The longest-lasting trends generally occur when emotion is the lowest. When volume is moderate and both shorts and longs do not experience the roller coaster ride of emotion, the trend can reasonably be expected to continue until the emotion of the market changes. In a longer-term trend such as this, small price changes either up or down do not precipitate much emotion, and even a series of small changes occurring day after day (enough to create a major, gradual trend) will generally not generate severe emotional reactions.
In the case of short selling, a market rally may serve to flush out those individuals holding short positions, causing them to cover and subsequently push the market higher. The same principle holds true on the flip side: When the longs give up and bail out, the decline pulls more poorly timed investments with it. At the most fundamental level of market volume, both short and long investors who lose money, and who collectively exit their positions, are the primary drivers behind significant volume trends.
How Do Technical Indicators and Market Psychology Fit Together?
Technical analysis looks at price charts to find patterns that indicate trends and reversals. Technicians believe that these patterns are the result of market psychology. A price chart, then, can be thought of as a graphical representation of emotions such as fear, greed, optimism and pessimism, and human behavior, such as herd instinct. Price charts illustrate how market participants react to future expectations.
What Do the MACD and ADX Reveal About Market Sentiment?
The moving average convergence/divergence (MACD) demonstrates the shift in consensus between bullishness and bearishness. The directional system uses directional lines to indicate whether trends are bullish or bearish, including the average directional indicator (ADX).
What Do RoC and Williams %R Reveal About Market Sentiment?
Momentum and the rate of change (RoC) demonstrate sentiment and the likelihood of tops or bottoms forming by looking at current price levels vs. an earlier consensus of price. The smoothed rate of change looks at the current average consensus vs. the consensus of a previous point.
Williams %R assesses closing prices vs. a recent range of closing prices; stochastics look at closing prices vs. a range; the relative strength index (RSI) looks at prices over a seven- or nine-day range.
How Can Volume Indicators Uncover Trader Psychology?
The total volume of shares speaks to the so-called conviction and emotional state of traders, with moderate volume often correlated to less volatility and higher volume often tied to greater volatility.

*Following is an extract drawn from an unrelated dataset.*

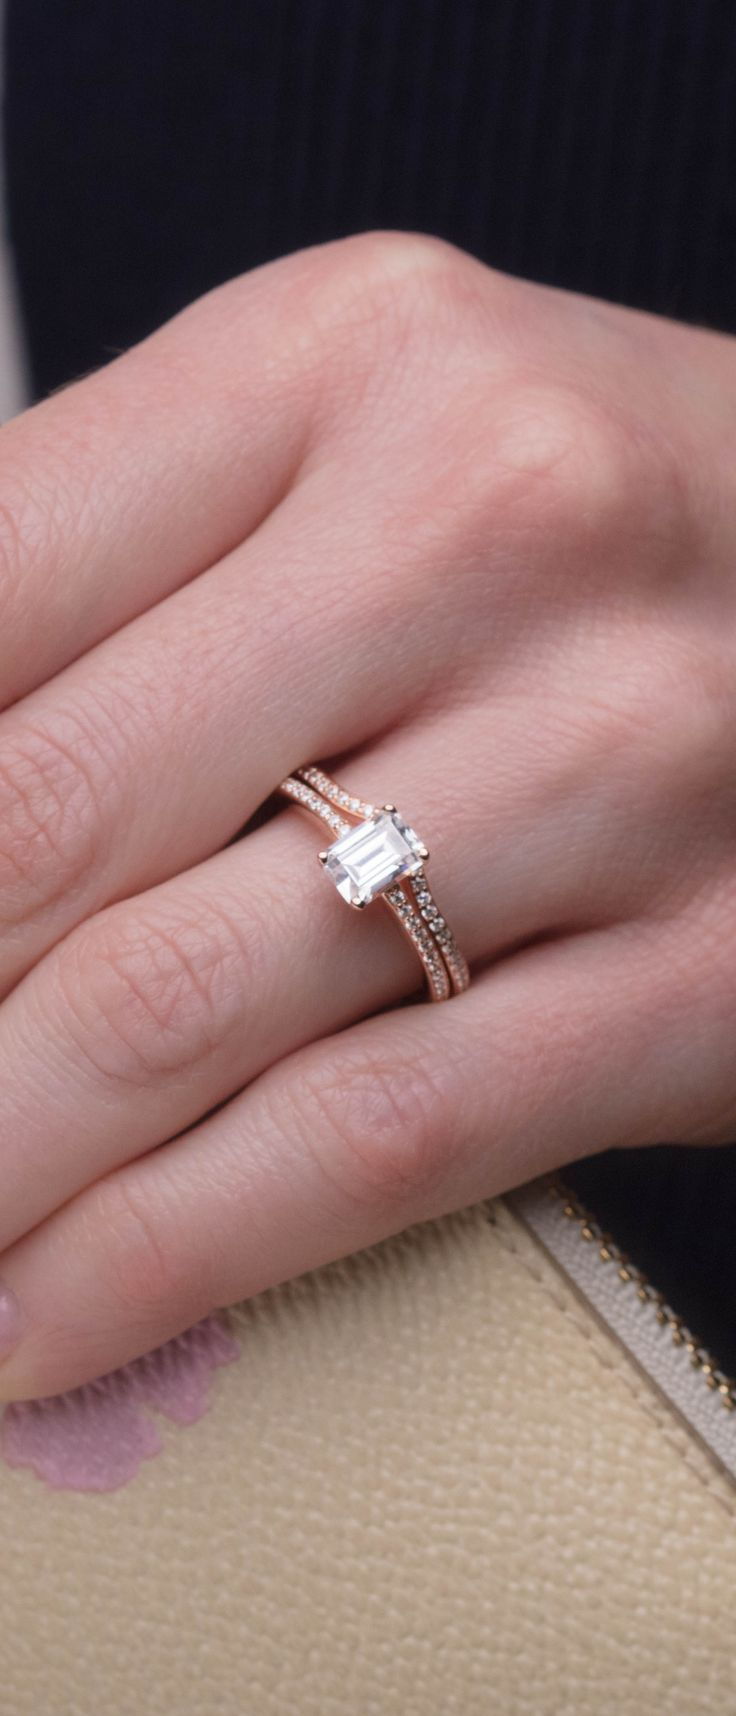 230 best Engagement Rings images on Pinterest | Diamond engagement ...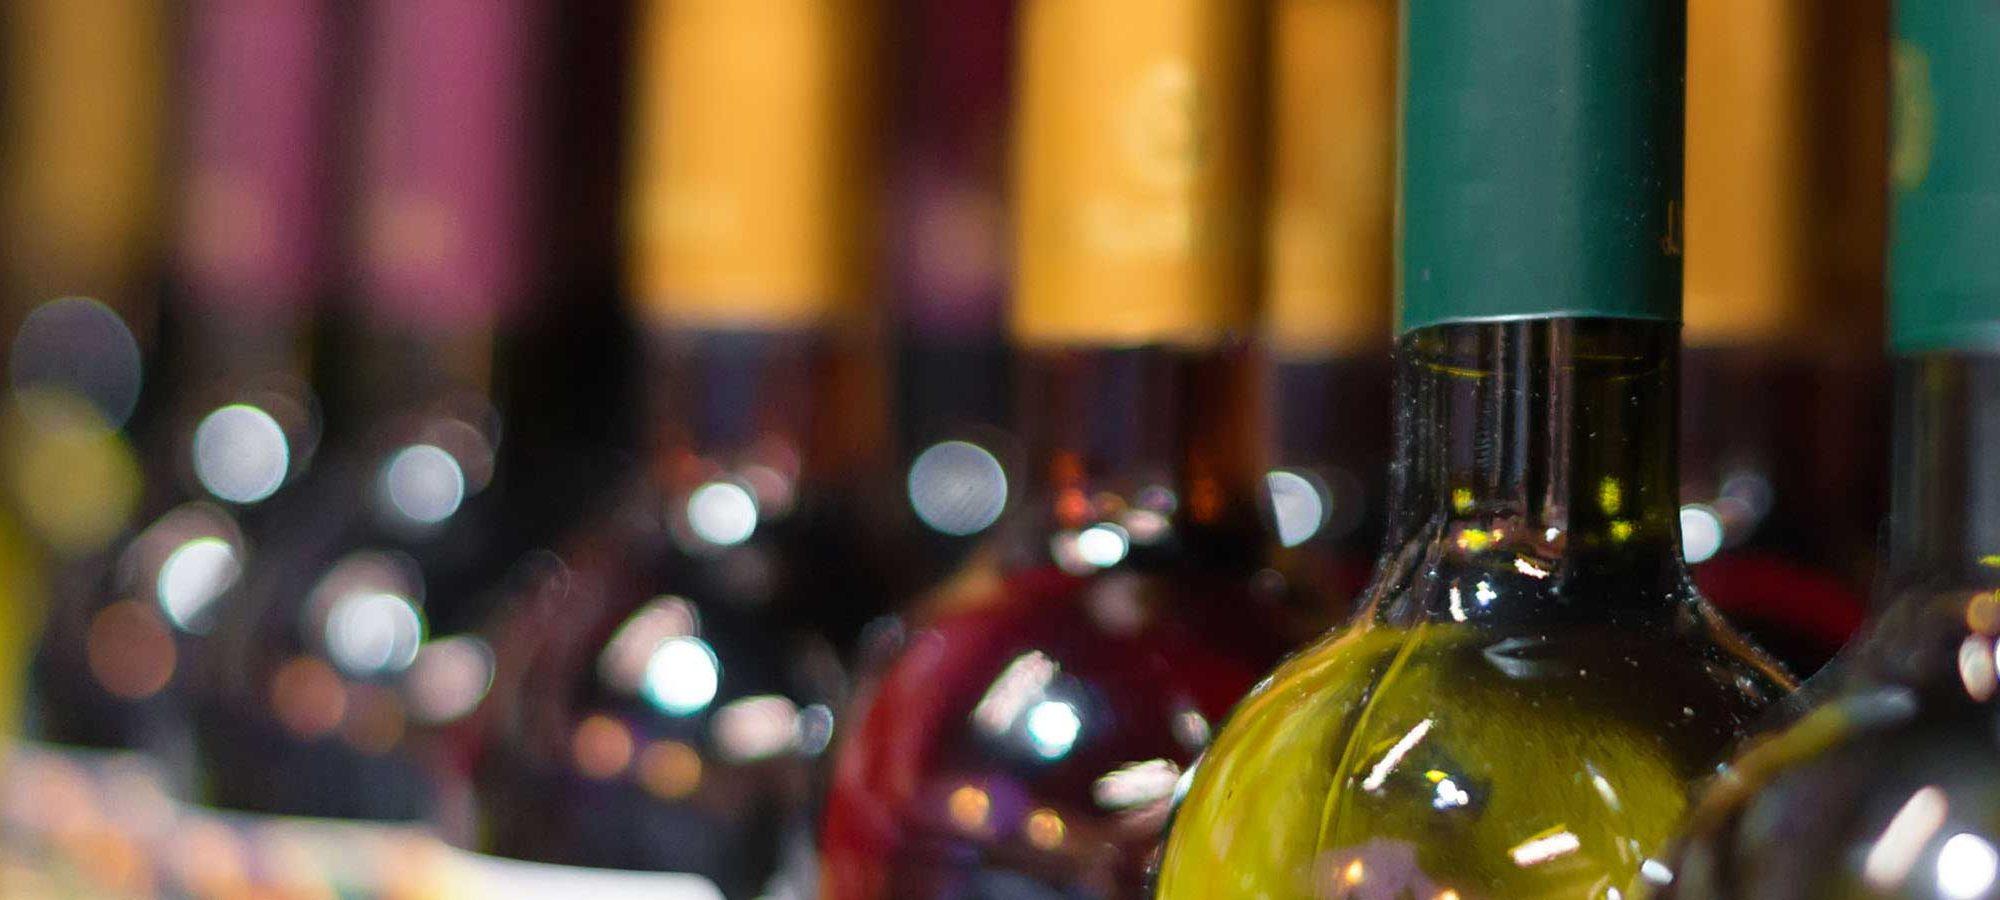 Dezember: Wein-Weihe in Hlohovec

Volume also helps confirm the legitimacy of a trend and identify support and resistance levels. For instance, if a price has fallen to a resistance level and volume increases without much price movement, it can indicate consolidation, often interpreted as market indecisiveness.
The Bottom Line
The principles of market psychology underlie every technical indicator, so a good understanding of crowd behavior is crucial to your comprehension of the fundamentals of certain technical indicators. Select technical indicators are used by market participants to better understand market psychology and behavior.